Two new brain studies hit science labs at UTSC

Medical researchers at the University of Toronto Scarborough (UTSC) have been working around the clock to get brains ticking. Two new studies hit the science labs early last week.

Prof. Kagan Kerman and chemistry student Anthony Veloso applied a new approach to examine amyloid plaque formation in Alzheimer’s disease. In the second study, which was published in the journal Neuron, UTSC chemistry professor Xiao-an Zhang, examines how zinc governs the formation of memories in the brain.

With UTSC scientists working around the clock, the question remains: is a cure for Alzheimer’s within reach?

Not quite, but the search continues.

A new supplement in the current issue of the journal Analyst shows Kerman and Veloso’s approach to a laser technique that allows a detailed view of the early minutes of amyloid aggregate formation in Alzheimer’s.

“A laser focuses into a very thin beam and is aimed at solutions that contain amyloid-beta particles within the brain,” Veloso explained.

Kerman explained that the amyloid plaque are protein deposits that “form around the brain and interfere with its function,” a process known to play a huge role in Alzheimer’s disease.

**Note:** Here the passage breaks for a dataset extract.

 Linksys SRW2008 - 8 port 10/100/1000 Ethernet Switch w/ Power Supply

They’ve also found the major component of protein deposits are in fact amyloid-beta: amino acids that link together to form harmful plaques in Alzheimer’s patients but are otherwise harmless to normal individuals.

The news release on eurekaalert.org that reports their implication on the new drug discovery clearly shows an imaging system would help understand, diagnose and treat the disease.

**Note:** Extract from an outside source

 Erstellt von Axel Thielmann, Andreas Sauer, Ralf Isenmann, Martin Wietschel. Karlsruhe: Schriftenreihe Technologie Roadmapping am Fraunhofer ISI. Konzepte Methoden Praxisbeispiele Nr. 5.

“The technique will help examine the early phase of plaque formation, explore how the aggregates are formed, and eventually discover its role in Alzheimer’s disease,” Kerman said.

He and Veloso are also looking to use the technique as a novel strategy to test therapeutic compounds that could completely halt the formation of plaques.

Today, half a million Canadians suffer through Alzheimer’s disease and approximately one in 11 of them are under the age of 65.

For 2011 alone, it has been estimated that 103,000 Canadians have developed Alzheimer’s. If you do the math, it is equivalent to one person every five minutes being affected.

If no changes are to be found, the number of people living with Alzheimer’s is expected to double, reaching approximately 1.1 million Canadians within the next 25 years.

UTSC chemistry instructor Prof. Zhang’s study gives insight into a 50-year-old mystery of the brain. In a published report on eurekaalert.org, he said that zinc is important for learning and memory.

For over 50 years, researchers have been trying to pinpoint the role of zinc ever since scientists found high concentrations of the chemical in synaptic vesicles, but it was hard for them to determine the function of zinc.

“Zinc has been found to play a critical role in regulating how neurons communicate with one another in the brain, and could affect how memories form and how we learn,” he said.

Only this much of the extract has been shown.